> REQUIRED ACTION: The pictures in the data below are to be omitted; all else must be duplicated exactly.

Stored items:
-=-=-
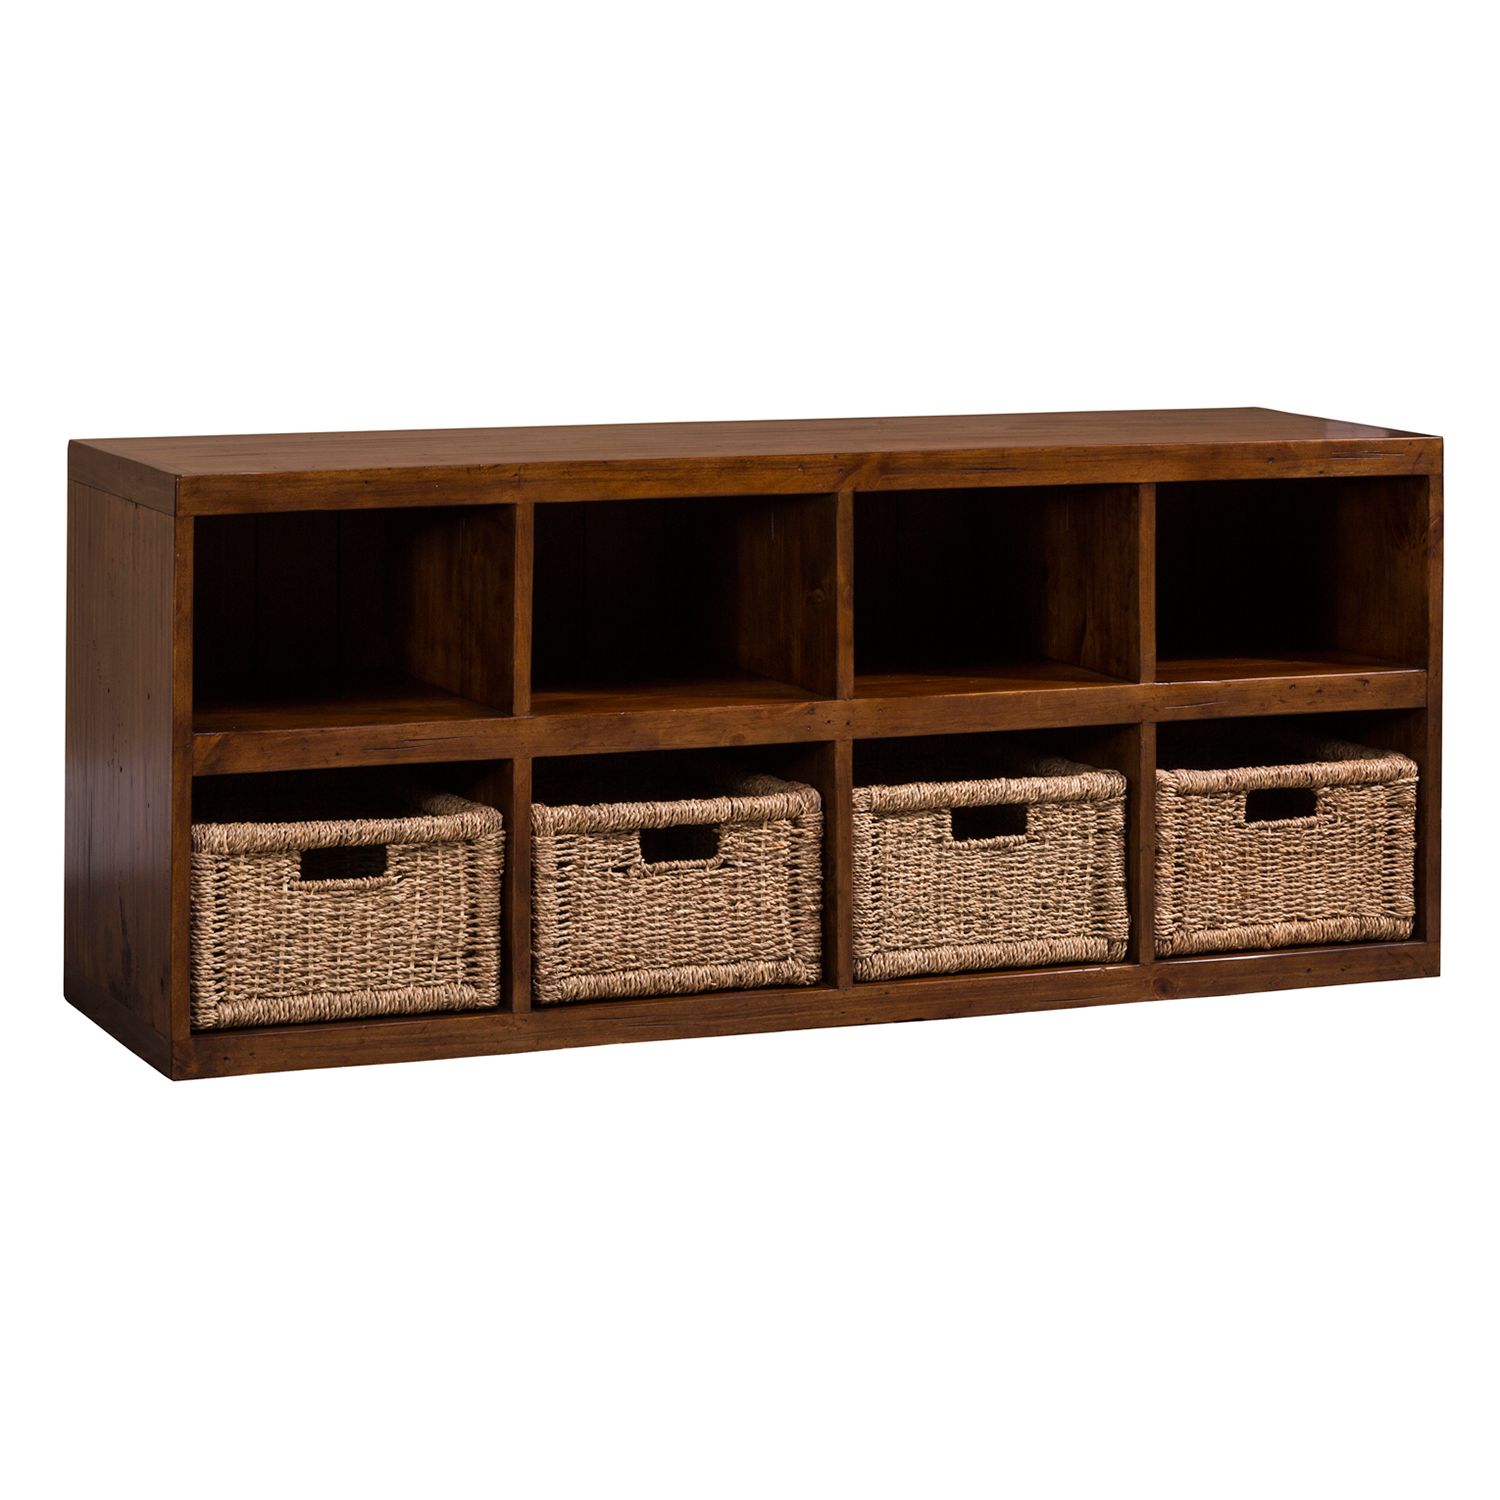 Image for Hillsdale Furniture Tuscan Retreat Storage Cabinet at Kohl's.
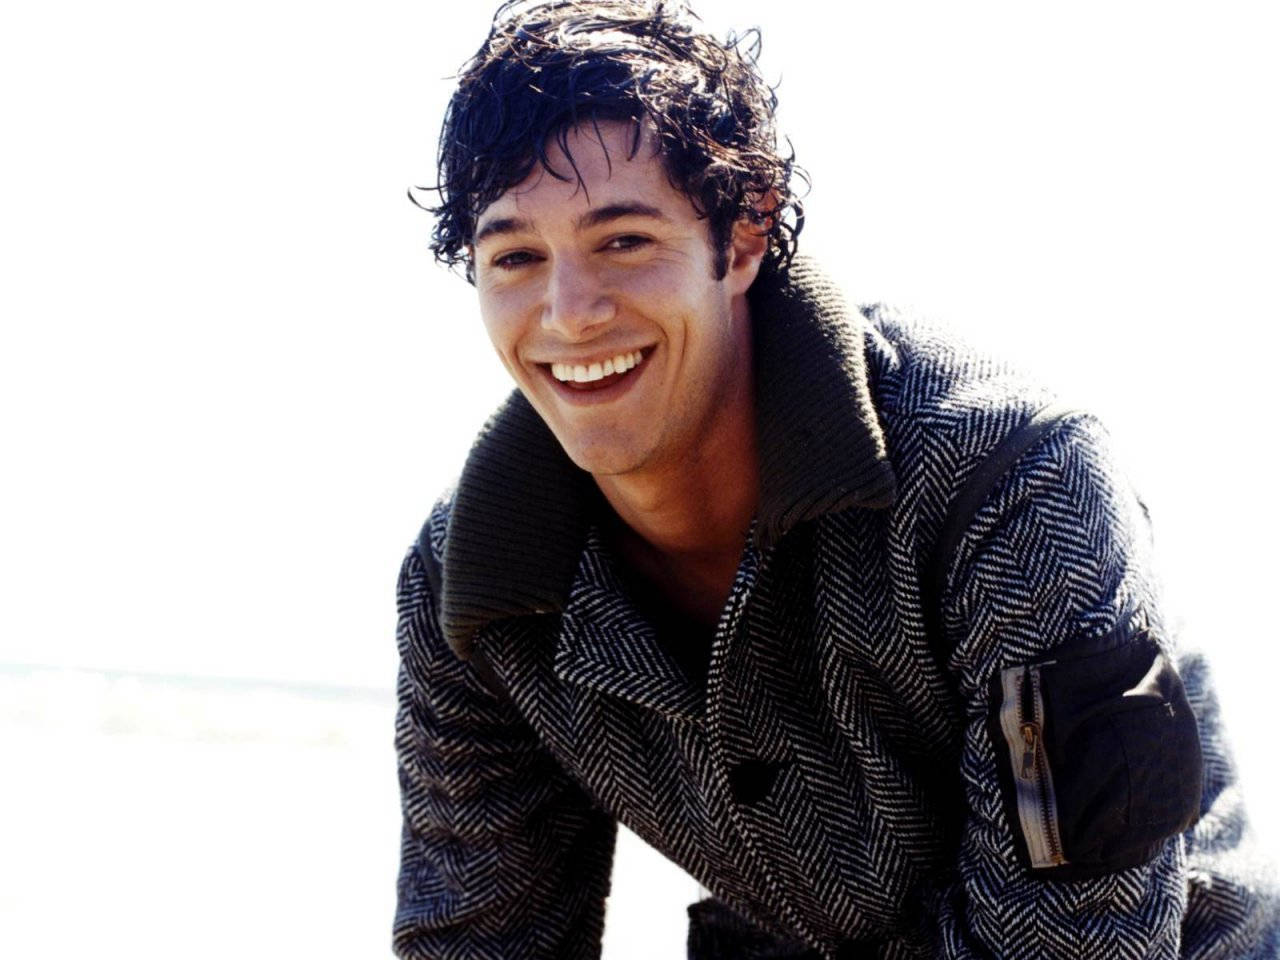 Adambrody Dimple Is Not A Complete Sentence And Does Not Provide Enough Context For Translation. Can You Please Provide A Complete Sentence Or Phrase Related To Computer Or Mobile Wallpaper? Wallpaper
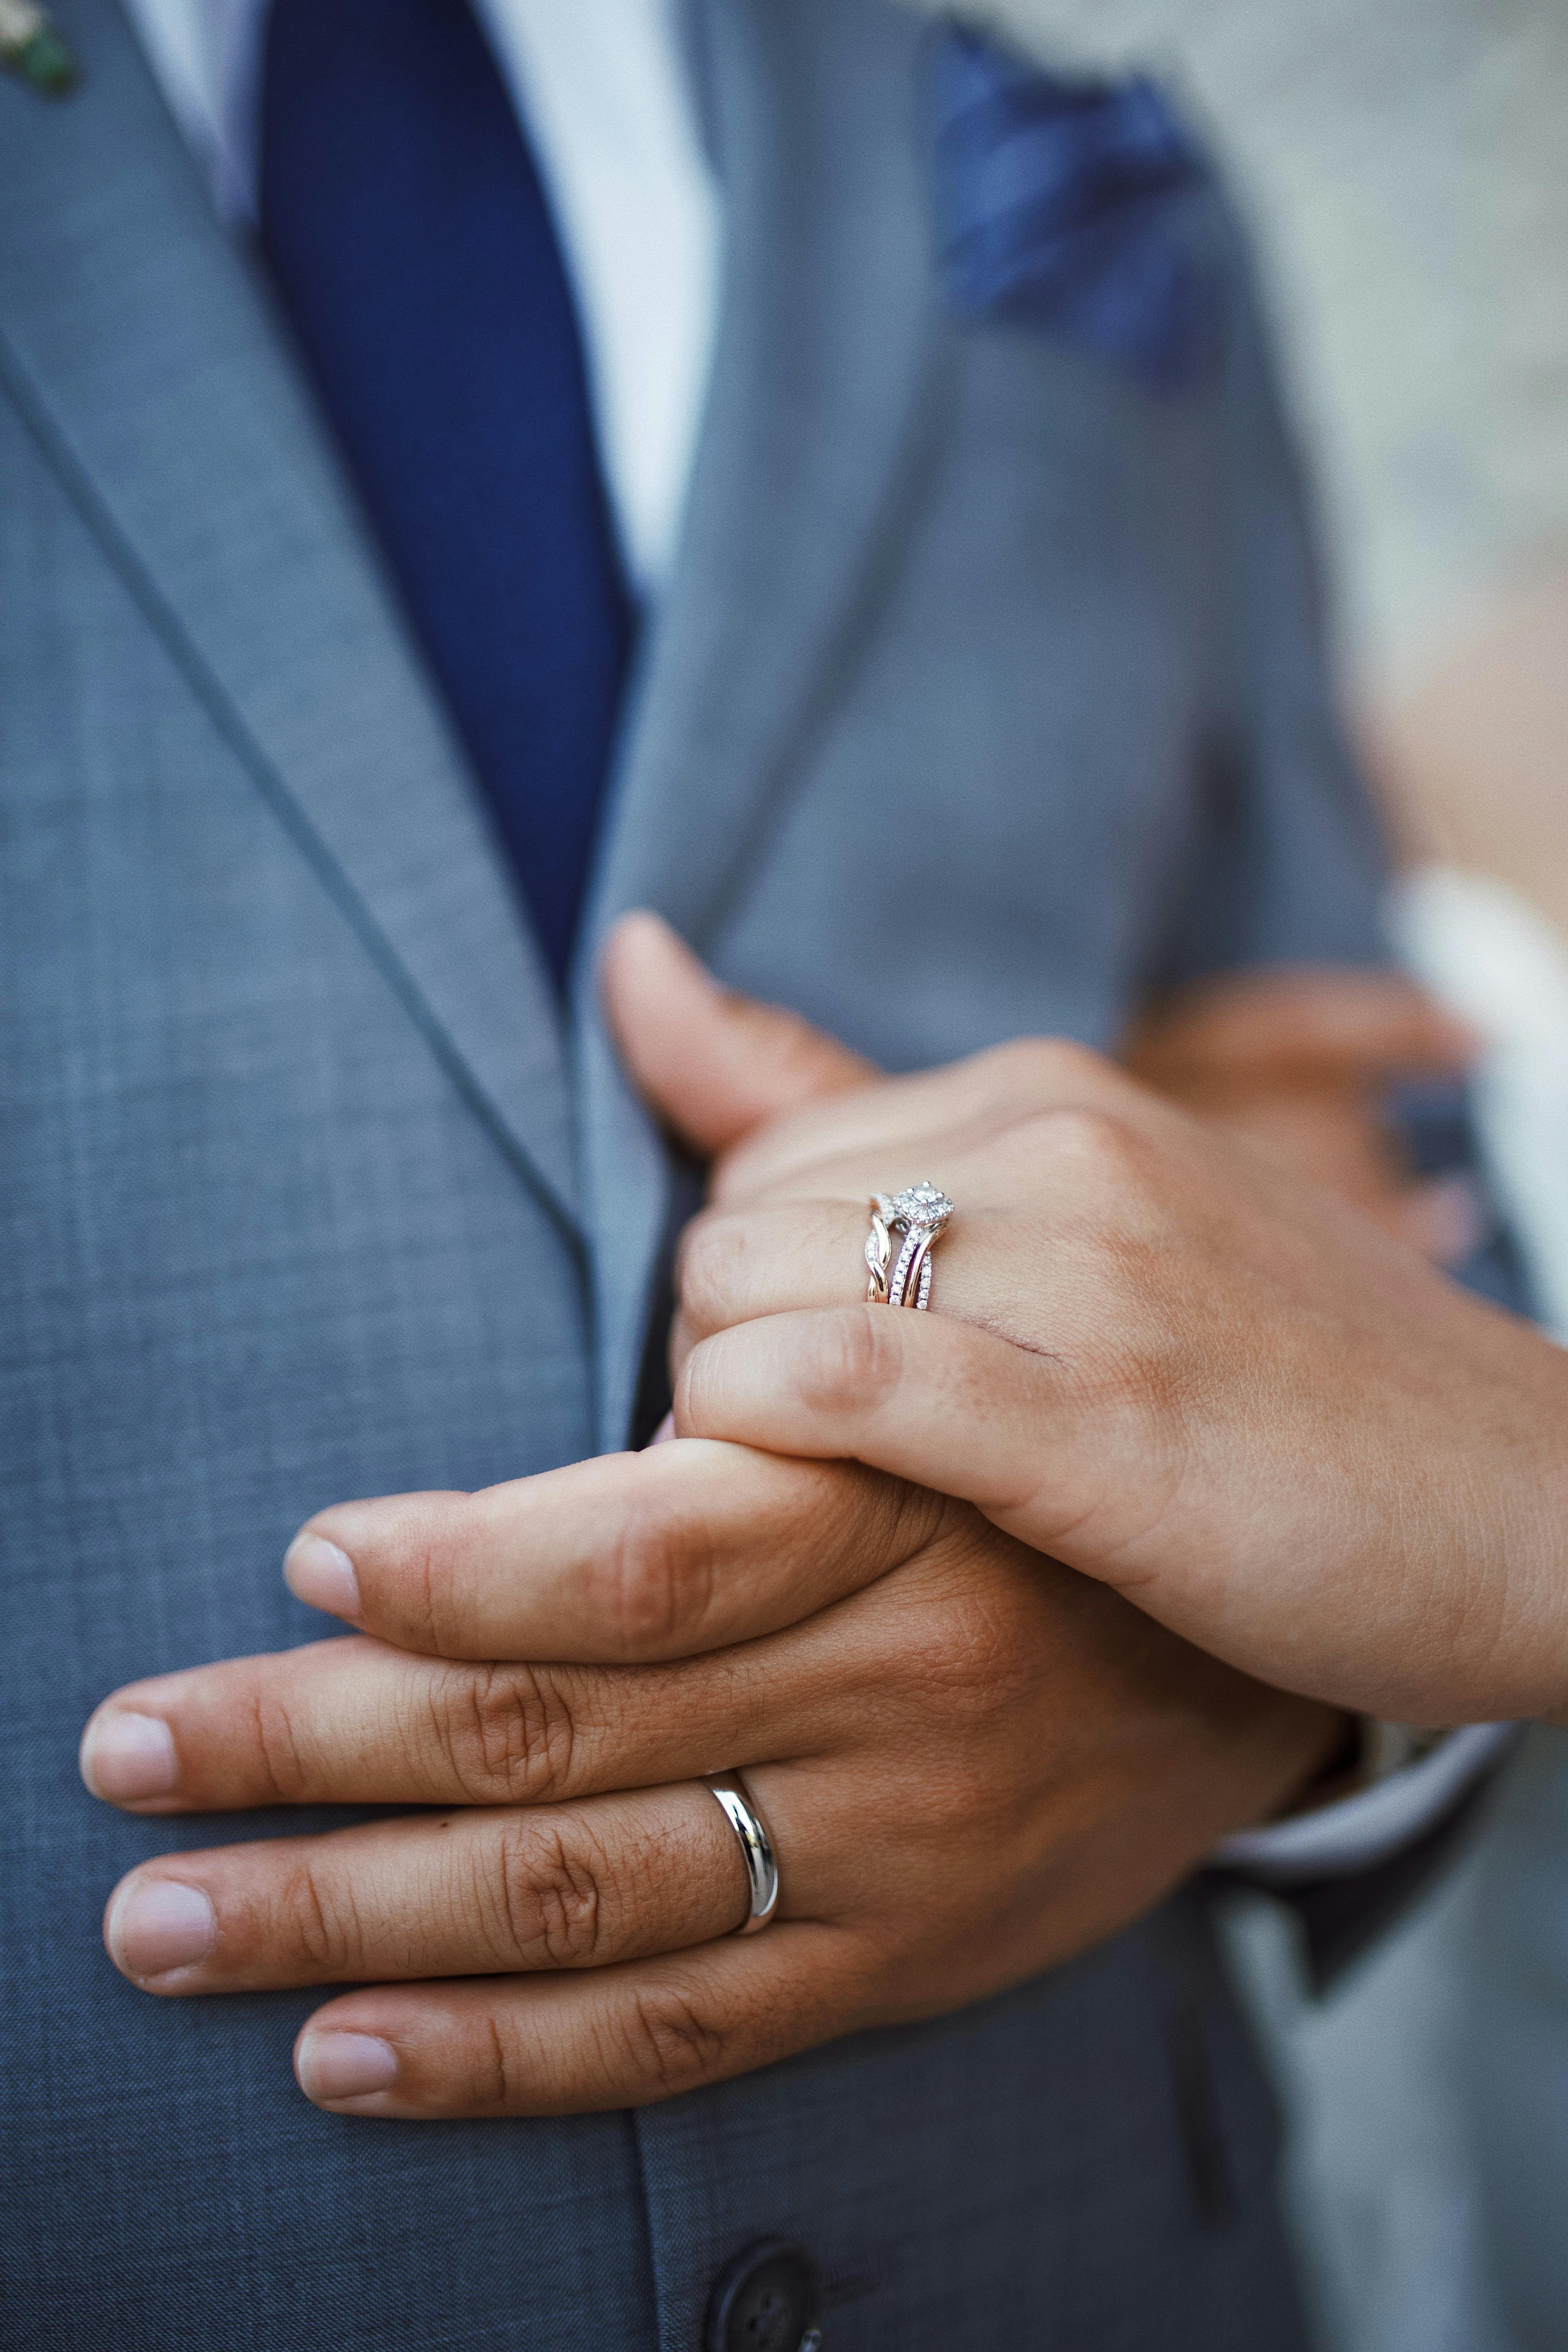 How To Take The Perfect Engagement Ring Photo! - Adiamor Blog
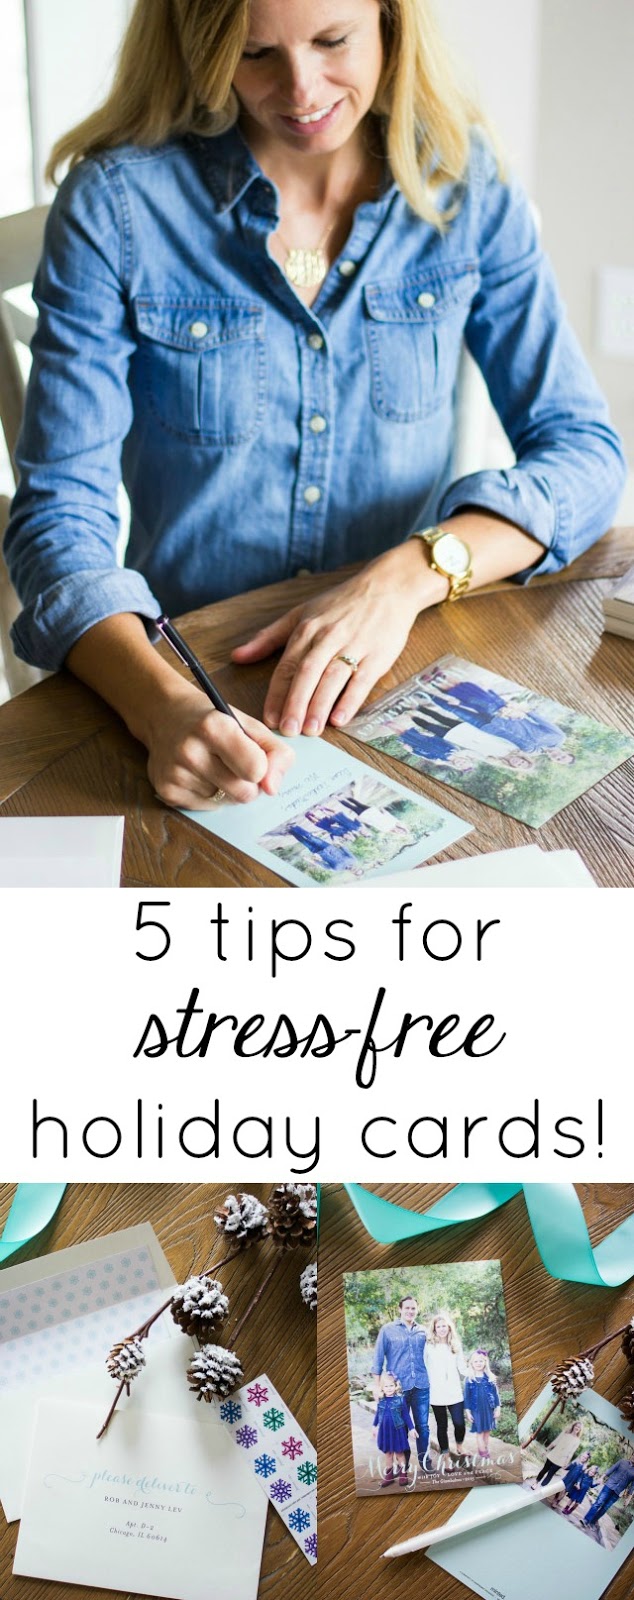 5 tips for stress-free holiday cards!
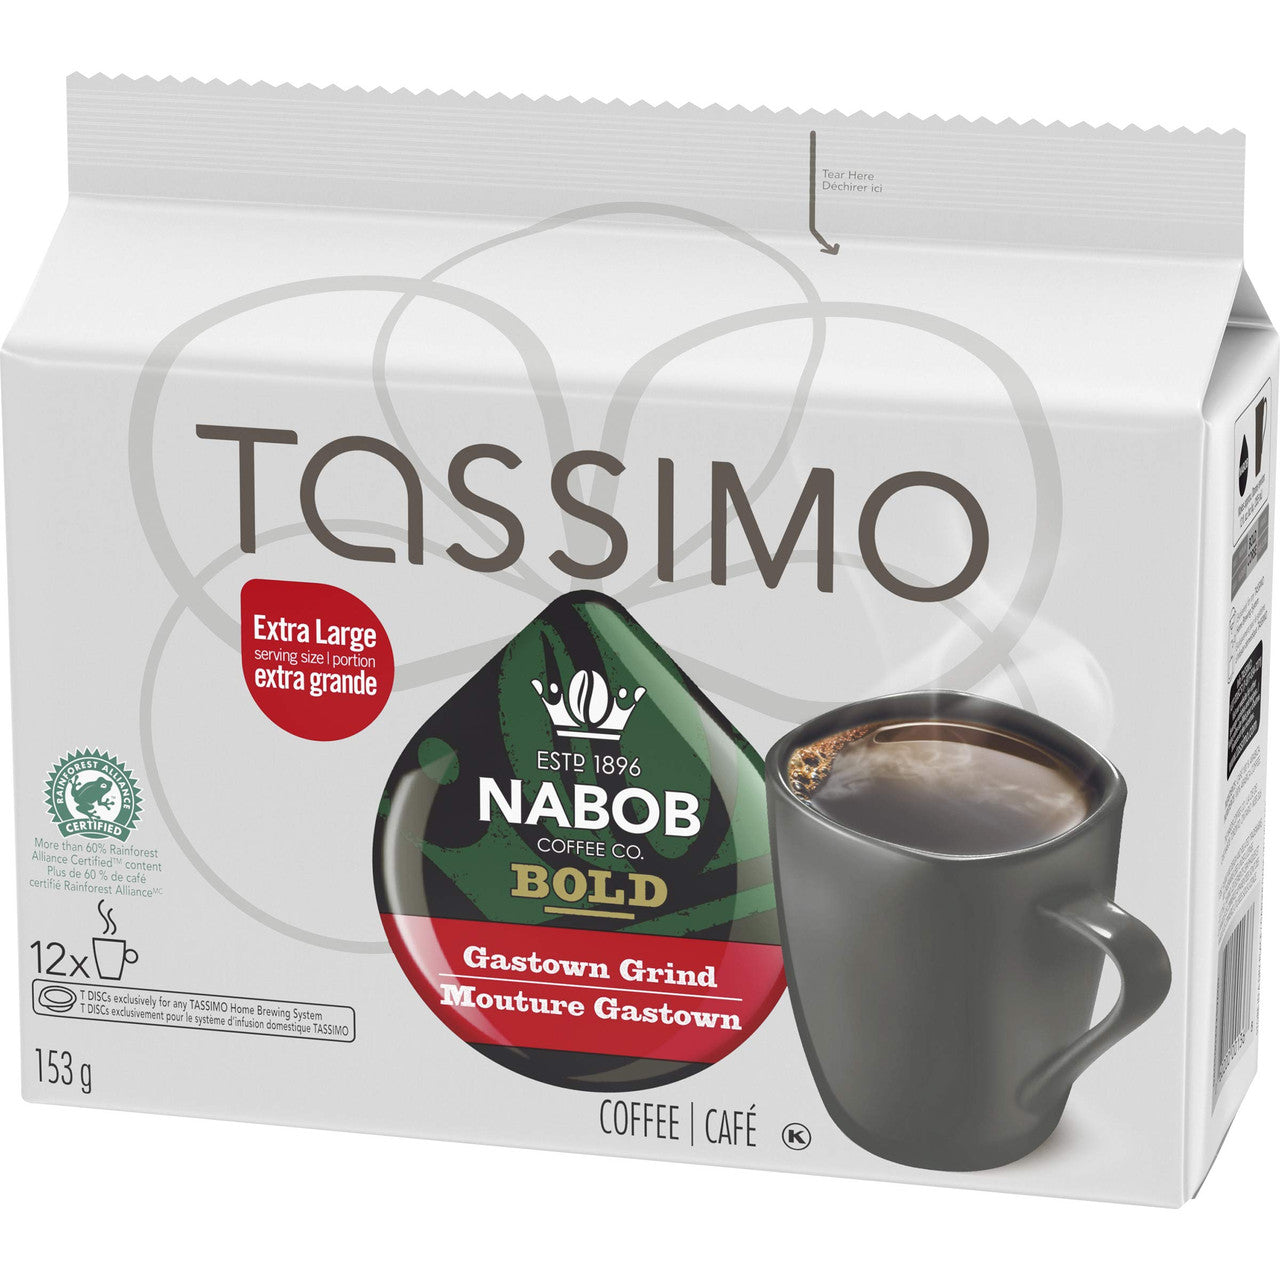 Tassimo Nabob Bold Gastown Grind Coffee, 12 T-Discs, {Imported from Canada}
-=-=-
> COMPLETED EXERCISE:
 Image for Hillsdale Furniture Tuscan Retreat Storage Cabinet at Kohl's.
 Adambrody Dimple Is Not A Complete Sentence And Does Not Provide Enough Context For Translation. Can You Please Provide A Complete Sentence Or Phrase Related To Computer Or Mobile Wallpaper? Wallpaper
 How To Take The Perfect Engagement Ring Photo! - Adiamor Blog
 5 tips for stress-free holiday cards!
 Tassimo Nabob Bold Gastown Grind Coffee, 12 T-Discs, {Imported from Canada}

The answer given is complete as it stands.